All the lines below need to be output exactly, apart from any images.

• [Source material]:
+++

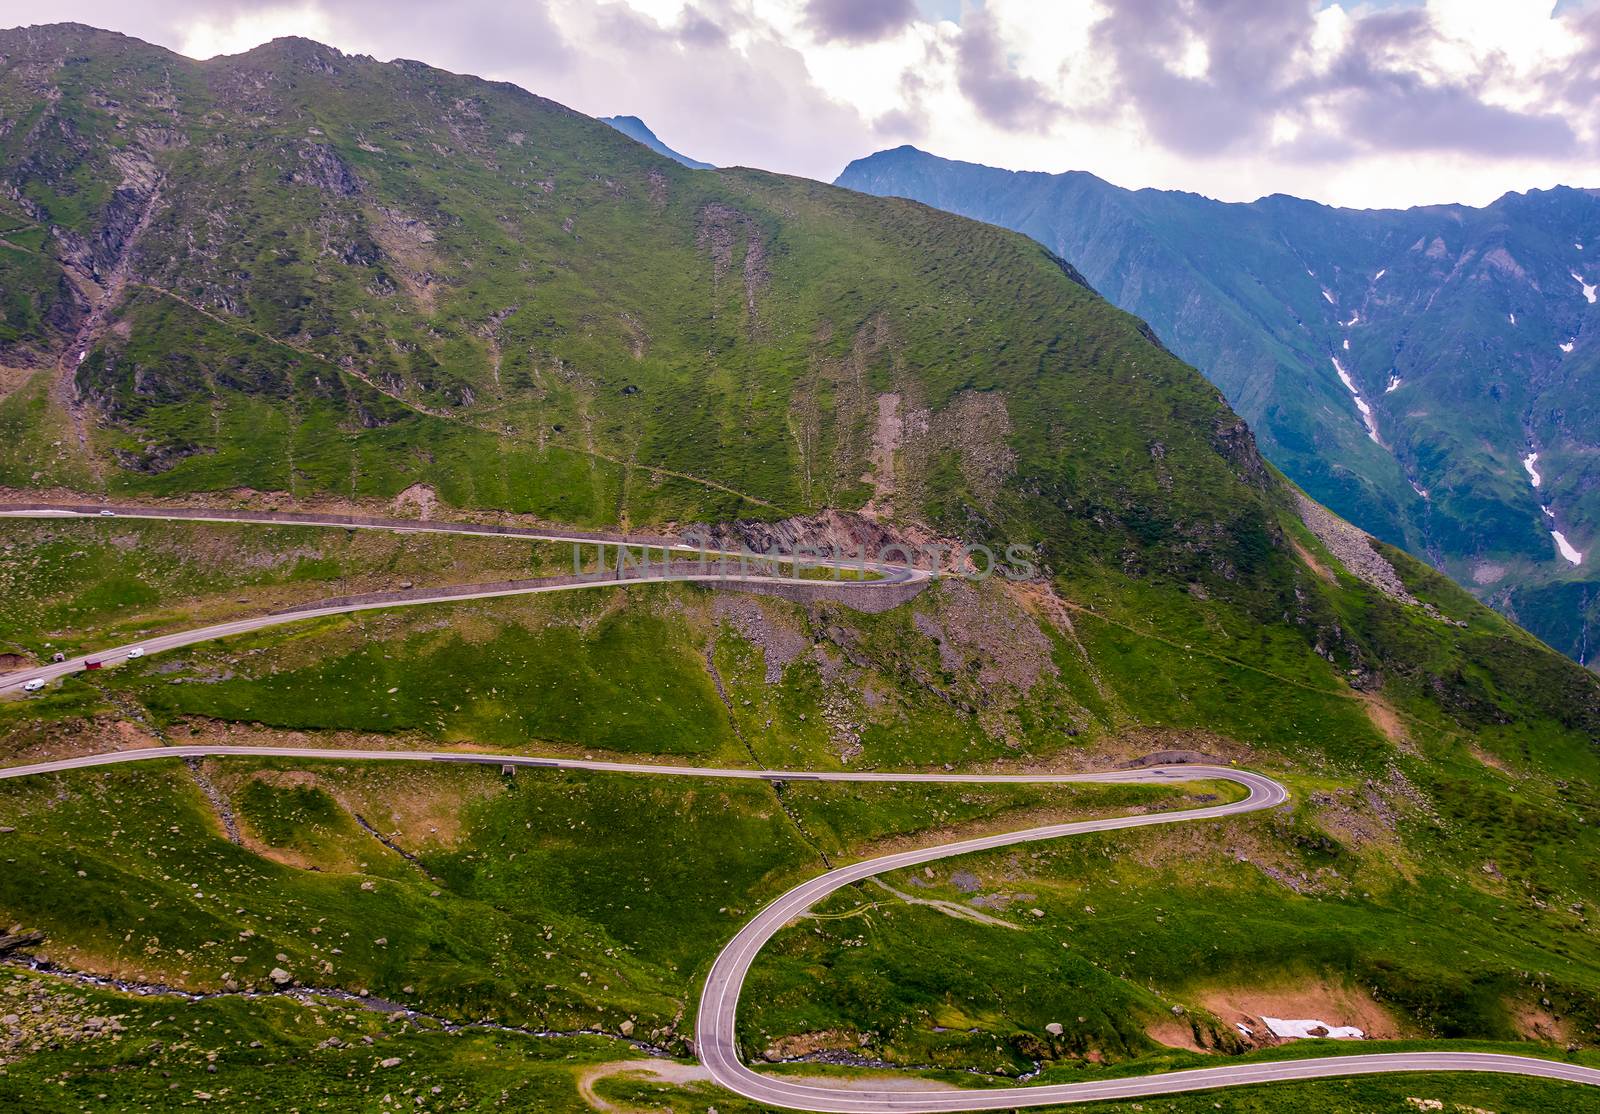 serpentine of Transfagarasan road in mountains. lovely transportation background
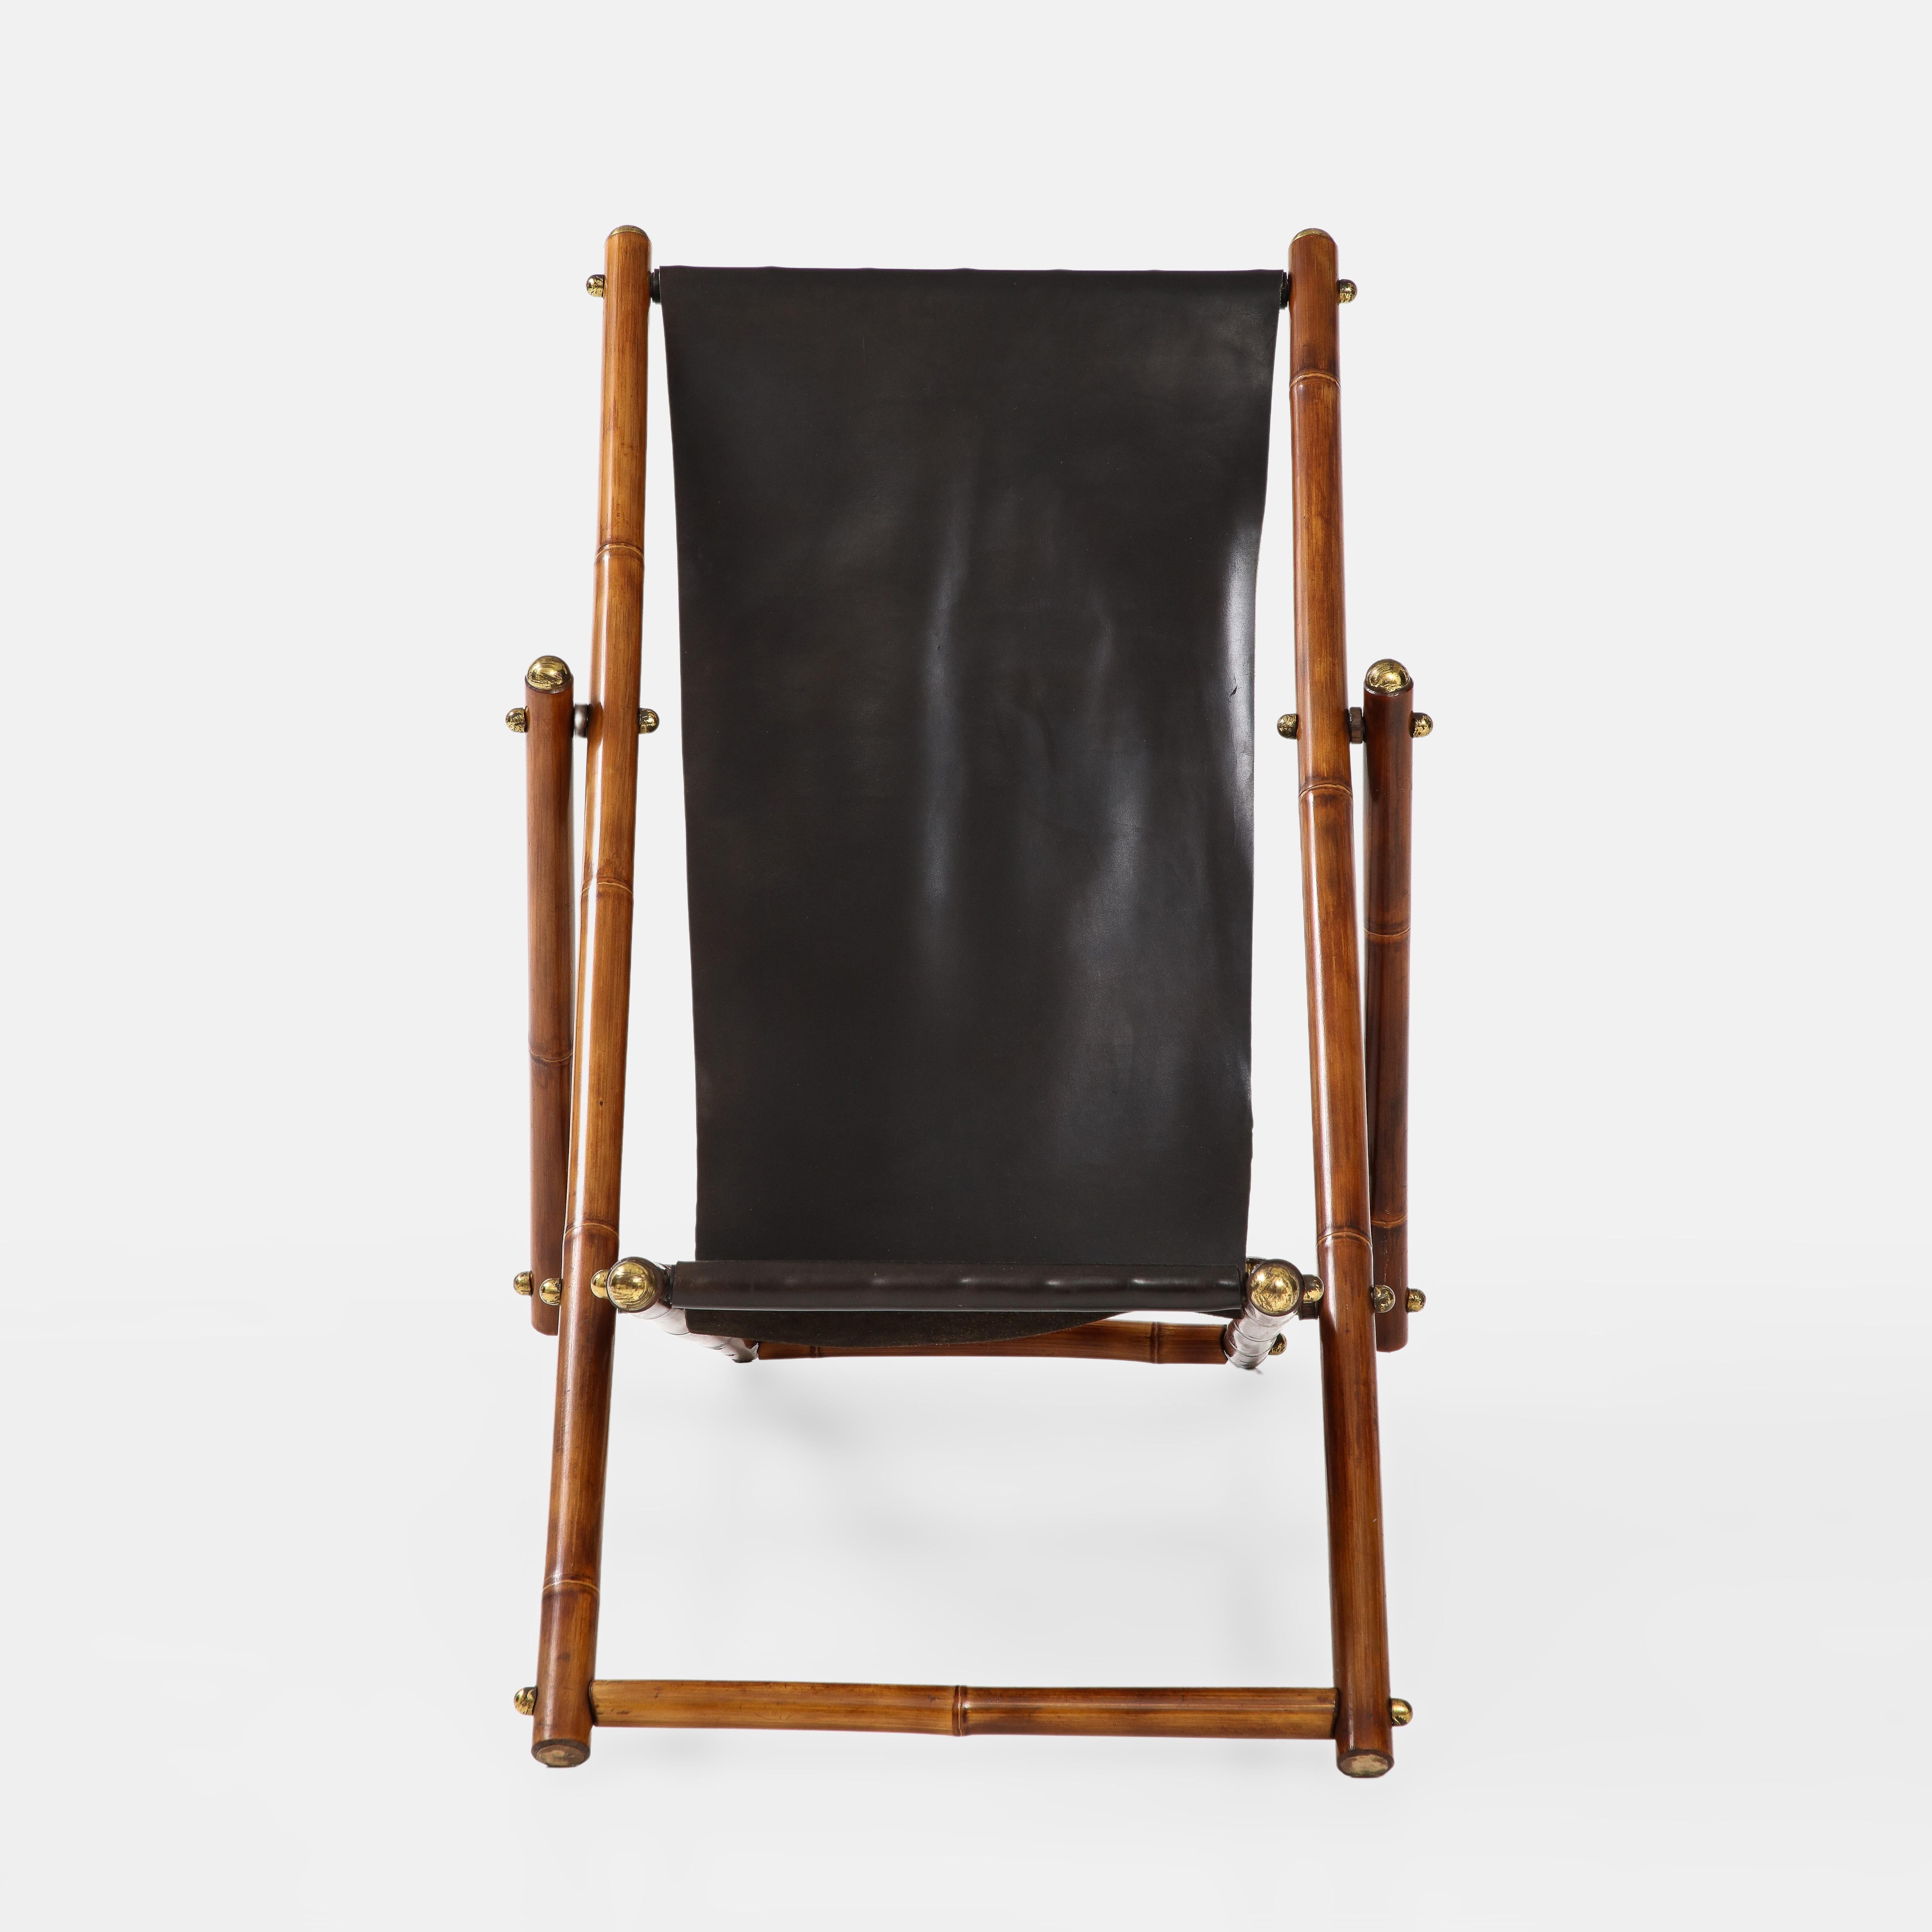 Italian adjustable reclining campaign folding chair in lacquered bamboo, original black leather sling, and brass details, 1970s.  This incredibly chic and modern campaign chair has beautiful details throughout including the architectural thick
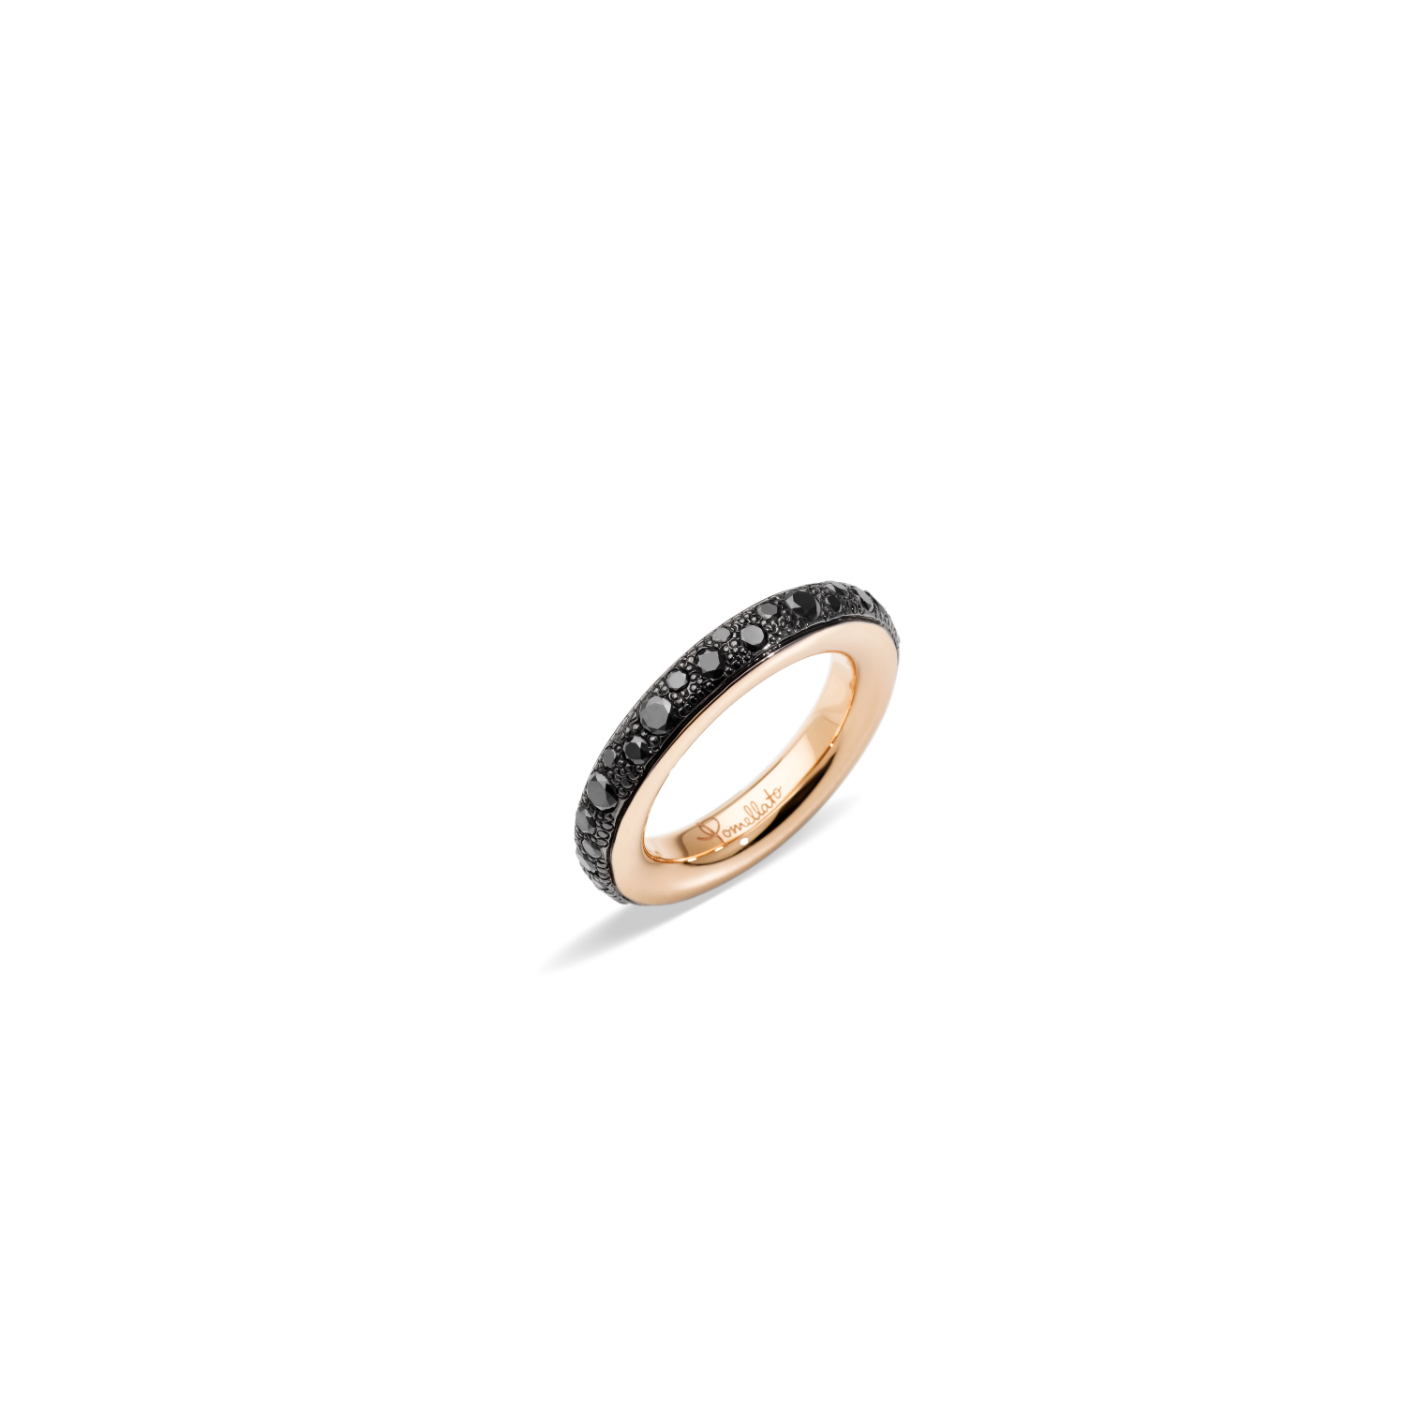 PAB7120_O7000_DBK00_010_Pomellato_ring-iconica-small-rose-gold-18kt-treated-black-diamond.png
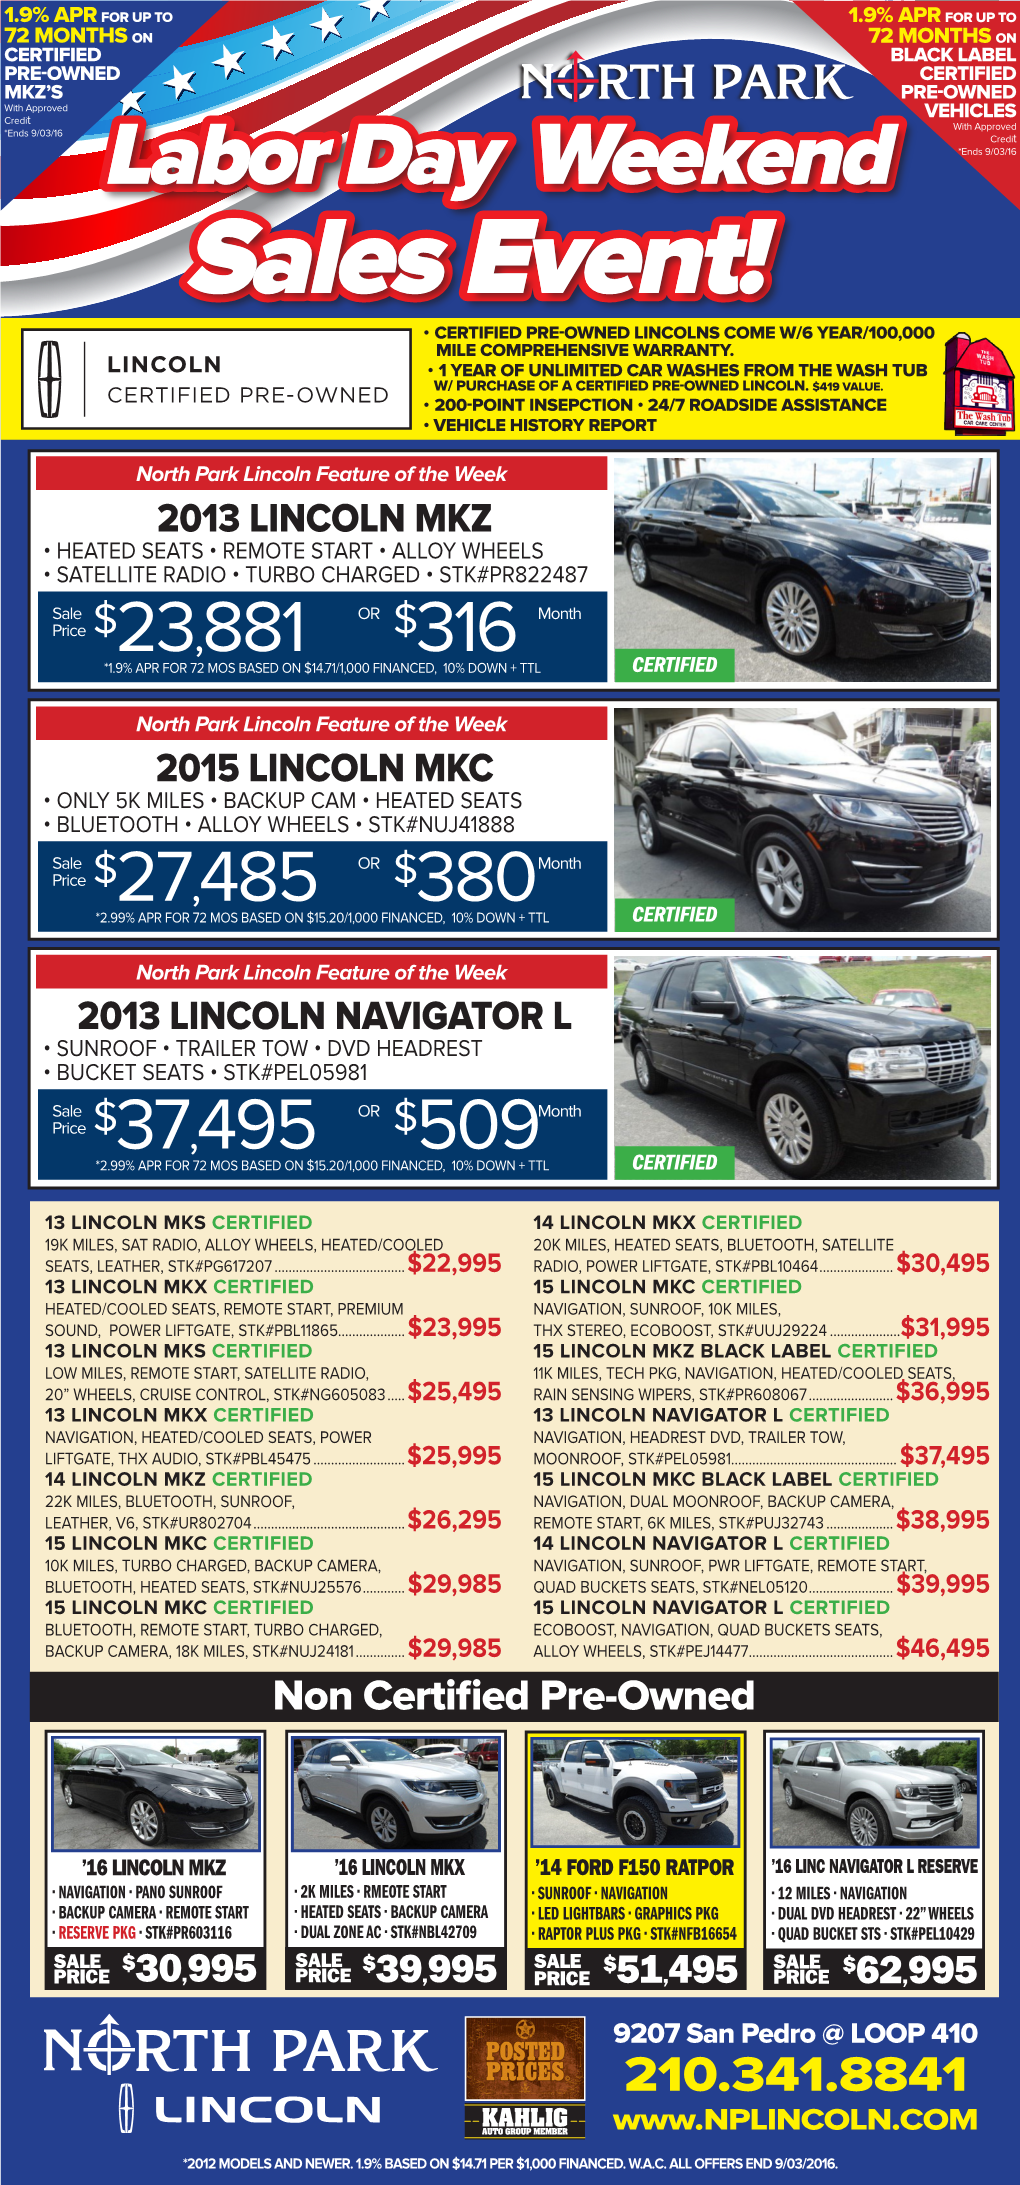 Sales Event! • CERTIFIED PRE-OWNED LINCOLNS COME W/6 YEAR/100,000 MILE COMPREHENSIVE WARRANTY

+++

• [Answer area]:
 serpentine of Transfagarasan road in mountains. lovely transportation background
 Italian adjustable reclining campaign folding chair in lacquered bamboo, original black leather sling, and brass details, 1970s.  This incredibly chic and modern campaign chair has beautiful details throughout including the architectural thick
 PAB7120_O7000_DBK00_010_Pomellato_ring-iconica-small-rose-gold-18kt-treated-black-diamond.png
 Sales Event! • CERTIFIED PRE-OWNED LINCOLNS COME W/6 YEAR/100,000 MILE COMPREHENSIVE WARRANTY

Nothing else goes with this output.